Вердюрены пригласили в свою карету Форшвиля; экипаж Сванна стоял позади, и Сванн ждал, когда они отъедут, чтобы подсадить Одетту в свой экипаж.
— Одетта, мы вас отвезем, — сказала г-жа Вердюрен, — у нас есть для вас местечко рядом с господином де Форшвилем.
— Спасибо, хорошо, — отвечала Одетта.
— Как, я же собирался вас отвезти! — вскричал Сванн, не выбирая слов, потому что дверца была распахнута, счет шел на секунды и он был в таком состоянии, что просто не мог уехать без нее.
— Но мадам Вердюрен меня приглашает…
— Ничего страшного, если вы поедете один, мы столько раз ее вам уступали, — сказала г-жа Вердюрен.
— Но мне надо было сказать госпоже де Креси что-то важное.
— Не беда, напишете ей…
— До свидания, — сказала Одетта, протягивая ему руку. Он пытался улыбнуться, но на нем лица не было.
— Нет, ты видал, что Сванн себе позволяет? — сказала мужу г-жа Вердюрен, когда они вернулись домой. — Я думала, он меня съест за то, что мы увозим Одетту. Это просто неприлично, в самом-то деле. Он что, воображает, что у нас тут дом свиданий? Не понимаю, как Одетта все это терпит. У него прямо на лбу написано: вы — моя собственность. Я поговорю с Одеттой, надеюсь, она поймет.

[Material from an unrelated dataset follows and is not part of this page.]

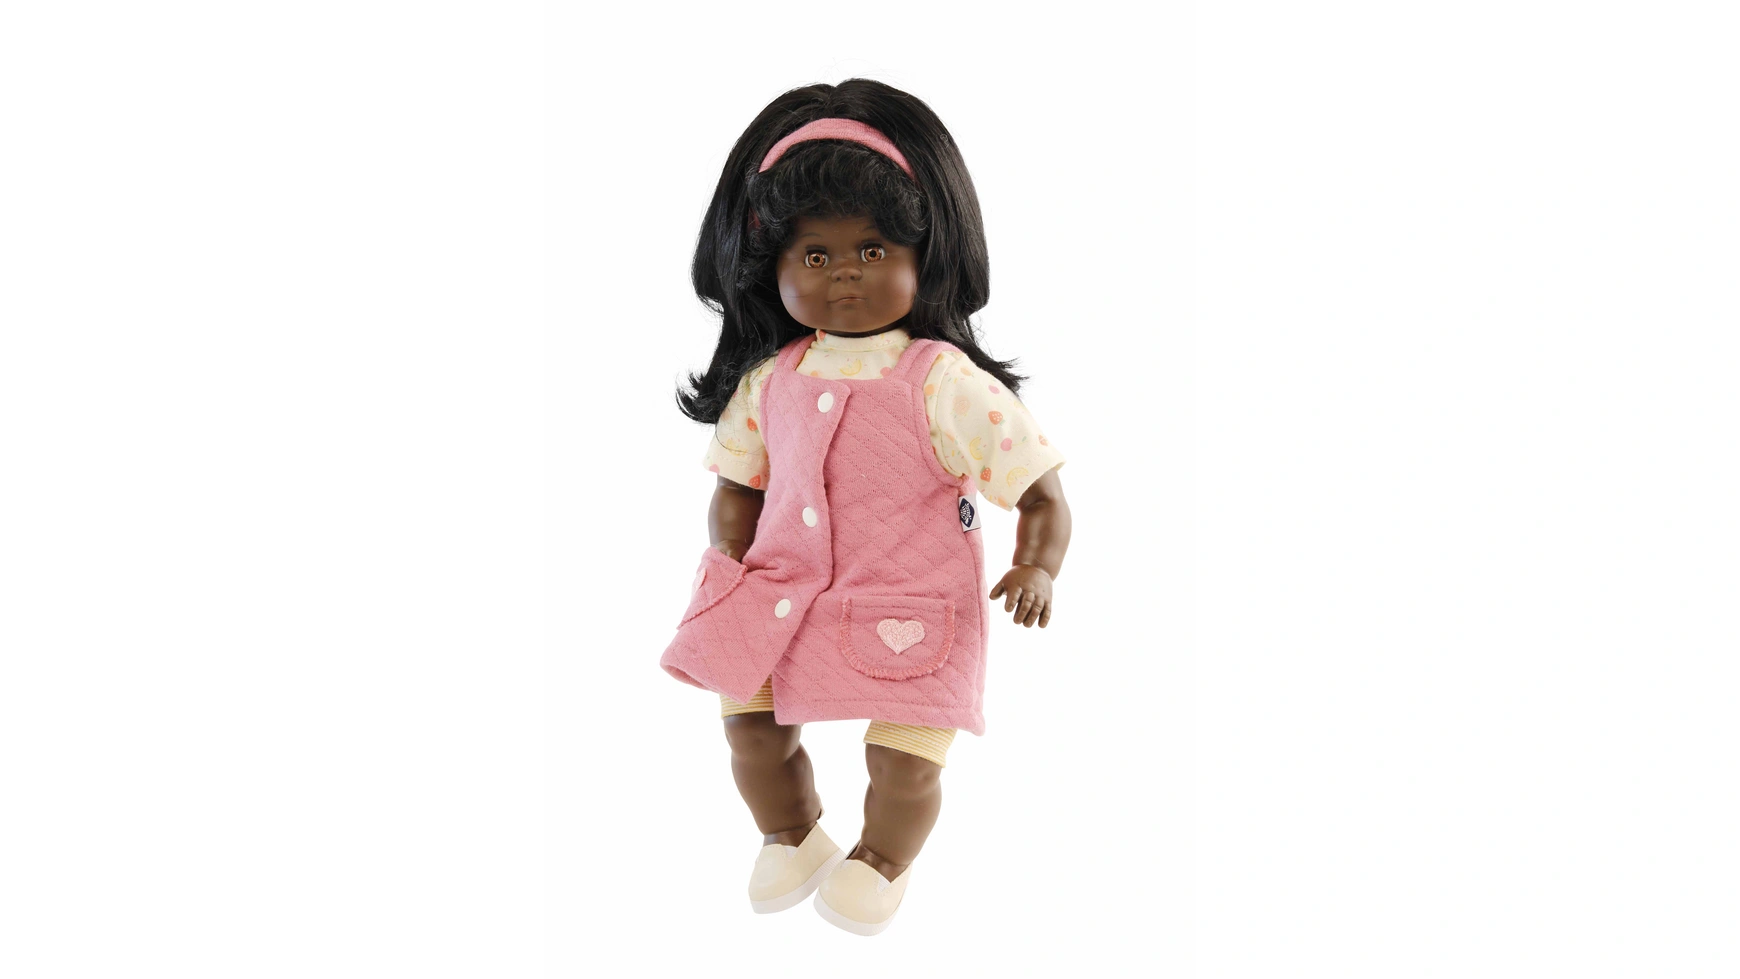 Schildkroet-Puppen Кукла Шлюммерле черная 37 см черные волосы, карие сонные глаза, летняя одежда клубника

И чуть погодя с яростью добавила:
— Нет, но каков мерзавец! — выбрав безотчетно и, возможно, повинуясь смутному стремлению оправдать собственную жестокость, — точь-в-точь как Франсуаза в Комбре, при виде не желающей умирать курицы, — те самые слова, которые при виде последних конвульсий безобидной твари вырываются у крестьянина, который вот-вот ее прикончит.
А когда экипаж г-жи Вердюрен отъехал и настал черед Сванна отправляться, кучер глянул на него и спросил, не заболел ли он и не случилось ли какого несчастья.
Сванн отослал его, он хотел пройтись и вернулся домой пешком, через Булонский лес. Он говорил вслух сам с собой тем же несколько искусственным тоном, которым до сих пор расписывал очарование тесного кружка и превозносил великодушие Вердюренов. Но подобно тому как речи, улыбки, поцелуи Одетты стали ему теперь, когда она дарила их не ему, а другому, так же ненавистны, как раньше были дороги, так же точно и салон Вердюренов еще совсем недавно казался ему занятным, пронизанным искренней любовью к искусству и даже некоторым душевным благородством, а теперь, когда Одетта ездила туда встречаться с другим, выставлять напоказ свою любовь к другому, тот же салон обнаруживал перед ним всю свою нелепость, глупость и низость.
Он с отвращением воображал завтрашний вечер в Шату. «Прежде всего, что за идея ехать в Шату! Как какие-нибудь галантерейщики после дневных трудов! Ей-богу, не люди, а сгусток буржуазности, как будто вышли живьем из пьесы Лабиша!» [228]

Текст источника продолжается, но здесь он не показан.